Requires-Dist: pytest-cov; extra == "dev"
Requires-Dist: pytest-timeout; extra == "dev"
Requires-Dist: pytest-unordered; extra == "dev"
Requires-Dist: transformers; extra == "dev"
Requires-Dist: ufmt; extra == "dev"
Dynamic: license-file

# TorchStore

A storage solution for PyTorch tensors with distributed tensor support.
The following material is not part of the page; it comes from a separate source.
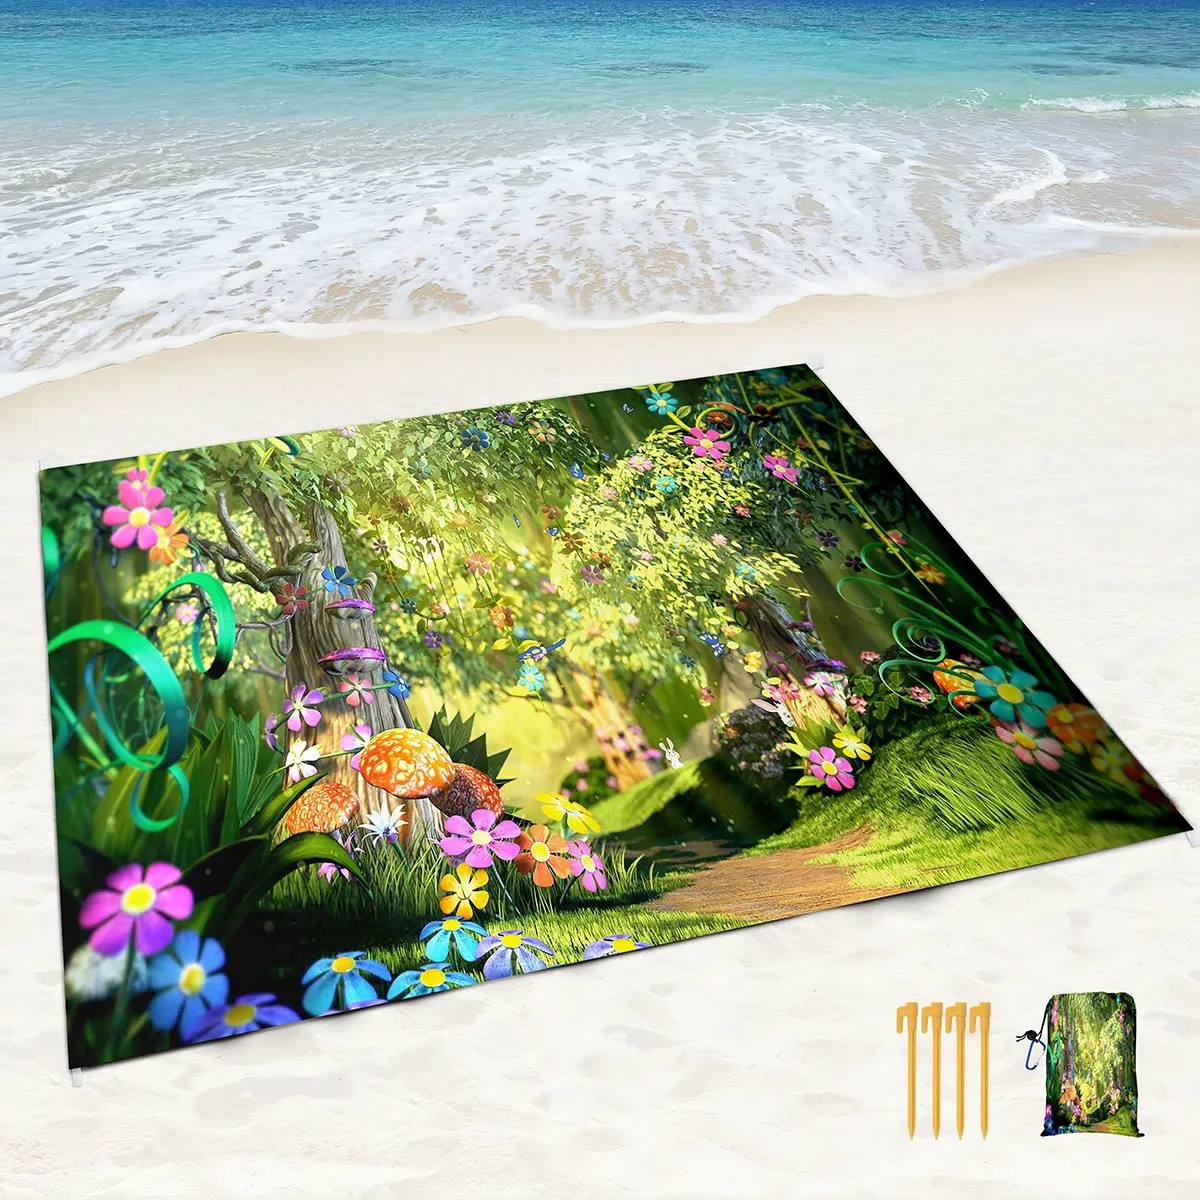 Bellissima coperta da spiaggia da giardino a terra impermeabile, tappetino da picnic portatile leggero, perfetto per viaggi all'aperto, campeggio, escursioni

TorchStore provides a distributed, asynchronous tensor storage system built on top of
Monarch actors. It enables efficient storage and retrieval of PyTorch tensors across
multiple processes and nodes with support for various transport mechanisms including
RDMA when available.

Key Features:
- Distributed tensor storage with configurable storage strategies
- Asynchronous put/get operations for tensors and arbitrary objects
- Support for PyTorch state_dict serialization/deserialization
- Multiple transport backends (RDMA, regular TCP) for optimal performance
- Flexible storage volume management and sharding strategies

> ⚠️ **Early Development Warning** TorchStore is currently in an experimental
> stage. You should expect bugs, incomplete features, and APIs that may change
> in future versions. The project welcomes bugfixes, but to make sure things are
> well coordinated you should discuss any significant change before starting the
> work. It's recommended that you signal your intention to contribute in the
> issue tracker, either by filing a new issue or by claiming an existing one.

## Installation

### Env Setup
```bash
conda create -n torchstore python=3.12
pip install torch

git clone git@github.com:meta-pytorch/monarch.git
python monarch/scripts/install_nightly.py

git clone git@github.com:meta-pytorch/torchstore.git
cd torchstore
pip install -e .
```


### Development Installation

To install the package in development mode:

```bash
# Clone the repository
git clone https://github.com/your-username/torchstore.git
cd torchstore

# Install in development mode
pip install -e .

# Install development dependencies
pip install -e '.[dev]'
```

### Regular Installation

To install the package directly from the repository:

```bash
pip install git+https://github.com/your-username/torchstore.git
```

Once installed, you can import it in your Python code:

```python
import torchstore
```

Note: Setup currently assumes you have a working conda environment with both torch & monarch (this is currently a todo).

## Usage

```python
import torch
import asyncio
import torchstore as ts

async def main():

    # Create a store instance
    await ts.initialize()

    # Store a tensor
    await ts.put("my_tensor", torch.randn(3, 4))

    # Retrieve a tensor
    tensor = await ts.get("my_tensor")


if __name__ == "__main__":
    asyncio.run(main())

```

### Resharding Support with DTensor

```python
import torchstore as ts
from torch.distributed._tensor import distribute_tensor, Replicate, Shard
from torch.distributed.device_mesh import init_device_mesh

async def place_dtensor_in_store():
    device_mesh = init_device_mesh("cpu", (4,))
    tensor = torch.arange(4)
    dtensor = distribute_tensor(tensor, device_mesh, placements=[Shard(1)])

    # Store a tensor
    await ts.put("my_tensor", dtensor)


async def fetch_dtensor_from_store()
    # You can now fetch arbitrary shards of this tensor from any rank e.g.
    device_mesh = init_device_mesh("cpu", (2,2))
    tensor = torch.rand(4)
    dtensor = distribute_tensor(
        tensor,
        device_mesh,
        placements=[Replicate(), Shard(0)]
    )

    # This line copies the previously stored dtensor into local memory.
    await ts.get("my_tensor", dtensor)

def run_in_parallel(func):
    # just for demonstrative purposes
    return func

if __name__ == "__main__":
    ts.initialize()
    run_in_parallel(place_dtensor_in_store)
    run_in_parallel(fetch_dtensor_from_store)
    ts.shutdown()

# checkout out tests/test_resharding.py for more e2e examples with resharding DTensor.
```

# Testing

Pytest is used for testing. For an examples of how to run tests (and get logs), see:
`TORCHSTORE_LOG_LEVEL=DEBUG pytest -vs --log-cli-level=DEBUG tests/test_models.py::test_main`

## License

Torchstore is BSD-3 licensed, as found in the [LICENSE](LICENSE) file.